I don't understand what you mean by 'setting the input by the context'.
As far as allowing the serializer to have a destination semantic in the
sitemap, I'd be against it because I see it more harmful than useful.
I do agree that serializers should not be connected only to the servlet
output stream, but this is not a concern of the pipeline itself, but of
who assembles the pipeline... and, IMO, the flow logic is what is
closest to that that we have today.
> This would also make it possible to introduce a writable as well as
> readable Cocoon pseudo protocol, that would be a good way to export
> functionality from blocks.
I agree that a writeable cocoon: protocol is required, expecially for
blocks, but this doesn't mean we have to change the sitemap semantics
for that.
> There are of course many open questions, e.g. how to implement those
> ideas without introducing to much back incompability.
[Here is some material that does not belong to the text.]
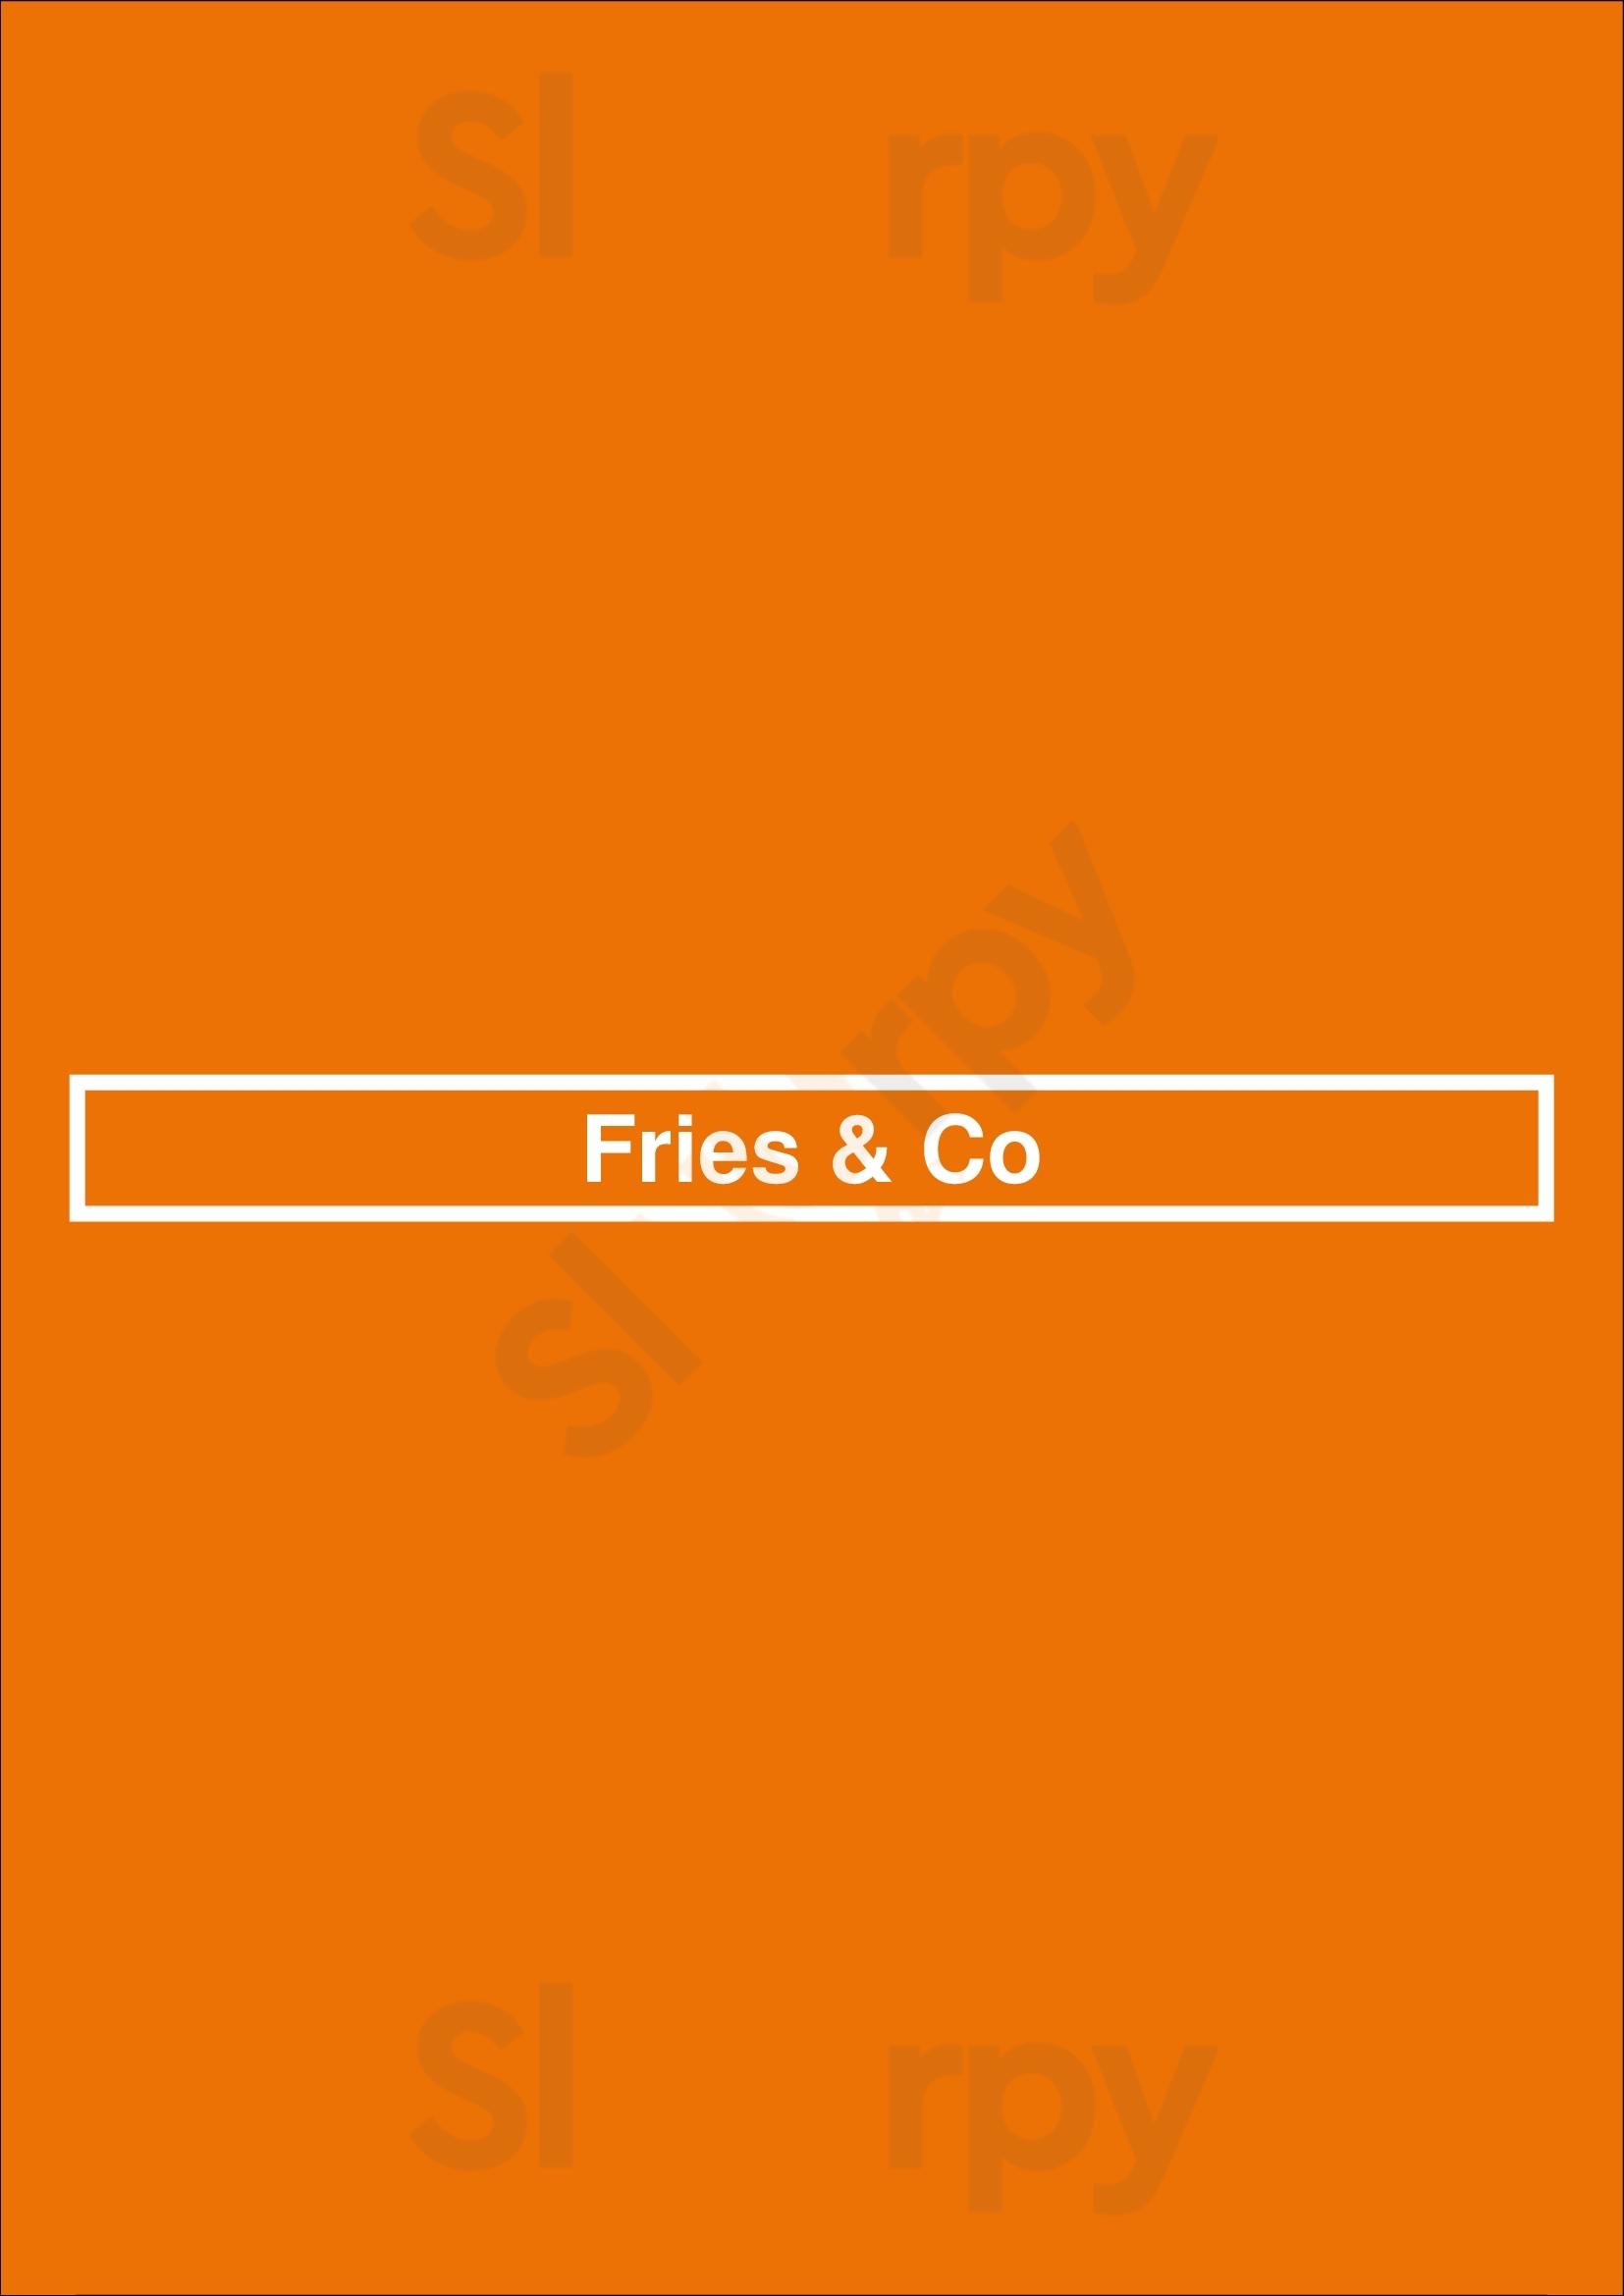 Fries & Co Halifax Menu - 1

The best idea is to avoid changing what it doesn't require changes and
work to minimize architectural changes from that point on.
But enough for now.
And thanks for keeping up with the input-oriented discussions :-)
--
Stefano Mazzocchi <st...@apache.org>
--------------------------------------------------------------------
---------------------------------------------------------------------
To unsubscribe, e-mail: cocoon-dev-unsubscribe@xml.apache.org
For additional commands, email: cocoon-dev-help@xml.apache.org
Re: [RT] Input Pipelines (long)
Posted by Daniel Fagerstrom <da...@nada.kth.se>.
Nicola Ken Barozzi wrote:
>
> Daniel Fagerstrom wrote:
> [...]
>
> Cocoon is symmetric, if you see it as it really is, a system that
> transforms a Request in a Response.
>
> The problem arises in the way we have defined the request and the
> response: The Request is a URL, the response is a Stream.
>
> So actually Cocoon transforms URIs in a stream.
>
> The sitemap is the system that demultiplexes URIs by associating them
> with actual source of the data. This makes cocoon richer than a system
> that just hands an entity to transform: Cocoon uses indirect references
> (URLs) instead.
>
> The Stream as an input is a specialization, so I can say in the request
> to get stuff from the stream.
>
> More on this later.
>
>> In a sitemap an input pipeline could be used e.g. for implementing a
>> web service:
>>
>> <match pattern="myservice">
>> <generate type="xml">
>> <parameter name="scheme" value="myInputFormat.scm"/>
>> </generate>
>> <transform type="xsl" src="myInputFormat2MyStorageFormat.xsl"/>
>> <serialize type="dom-session" non-terminating="true">
>> <parameter name="dom-name" value="input"/>
>> </serialize>
>> <select type="pipeline-state">
>> <when test="success">
>> <act type="my-business-logic"/>
>> <generate type="xsp" src="collectTheResult.xsp"/>
>> <serialize type="xml"/>
>> </when>
>> <when test="non-valid">
>> <!-- produce an error document -->
>> </when>
>> </select>
>> </match>
>
>
> What you correctly point out, is that the Generation phase not get the
> source, but just transform it to SAX.
<snip/>
> But IMHO this has a deficiency of fixing the source from the input.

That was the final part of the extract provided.